CAPLES LAKE-Tahoe Fly Fishing Outfitters reported that there was about 100 feet of open water at the Woods Creek inlet for shore fishing, but enough snow fell to close some of the mountain passes over the holiday weekend.

CARSON RIVER (East, West)-There was snow over the holiday weekend and the cold weather slowed the runoff, keeping the flows and water clarity good for fishing. Linda Goza of Shingle Springs caught a 7-pound, 11-ounce rainbow on a salmon egg in the East Fork near the Carson River Resort. John Daly of Alturas picked up a 5 1/4-pound rainbow on salmon eggs in the East Fork also. The West Fork was fishing well. Alpine County planted 1800 pounds of 3- to 4-pound rainbows in the East Fork, West Fork, Markleeville Creek, and Silver Creek this past Wednesday.

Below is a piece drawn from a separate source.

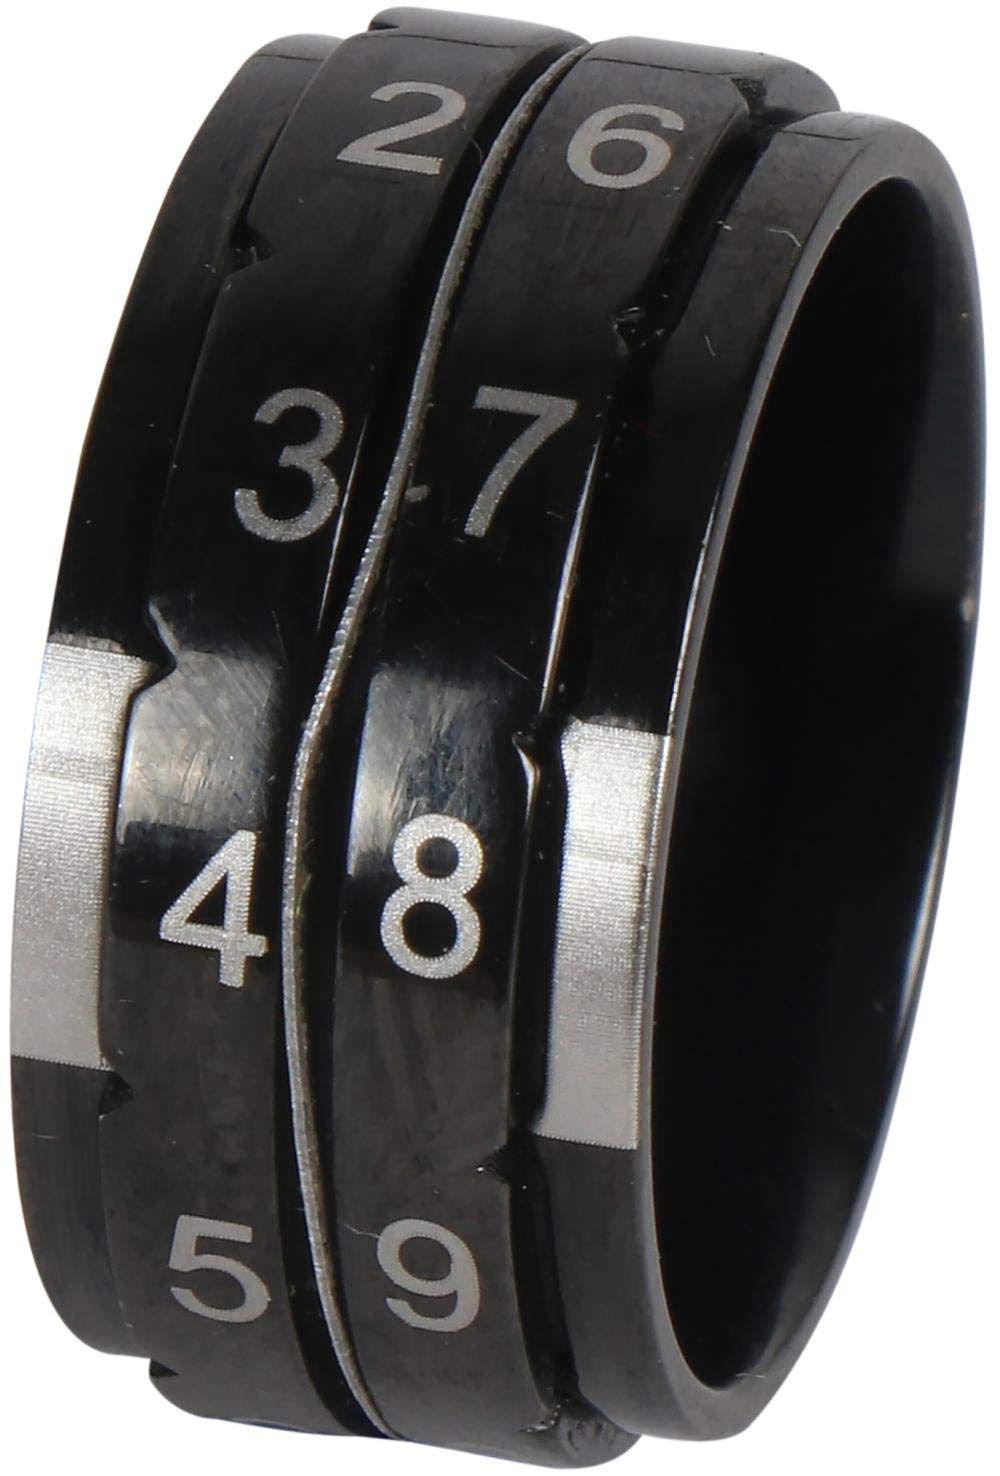 Knitter's Pride Row Counter Ring-Size 9: 19.0mm Diameter

DAVIS LAKE-The lake is at 90-percent capacity and scheduled for a DFG trout plant this week. Ed Dillard at Dillard’s Guided Fishing reported that trolling was good before the snows arrived over the holiday weekend. Rainbows to 19 inches were still hitting firetiger Needlefish and Sockeye Slammers at 6 to 15 feet. The cold weather made it tough for shore anglers and fly fishermen.

DONNER LAKE-Sporadic action for 18-inch Mackinaws using inflated nightcrawlers from shore. The trout bite has been tough, but the weather isn’t helping with snow over the holiday weekend.

FEATHER RIVER CANYON-The water releases into the North Fork were dropped but the weather kept lots of people out of the mountains over the holiday weekend. Caribou Crossroads Resort reported very little action from fishermen.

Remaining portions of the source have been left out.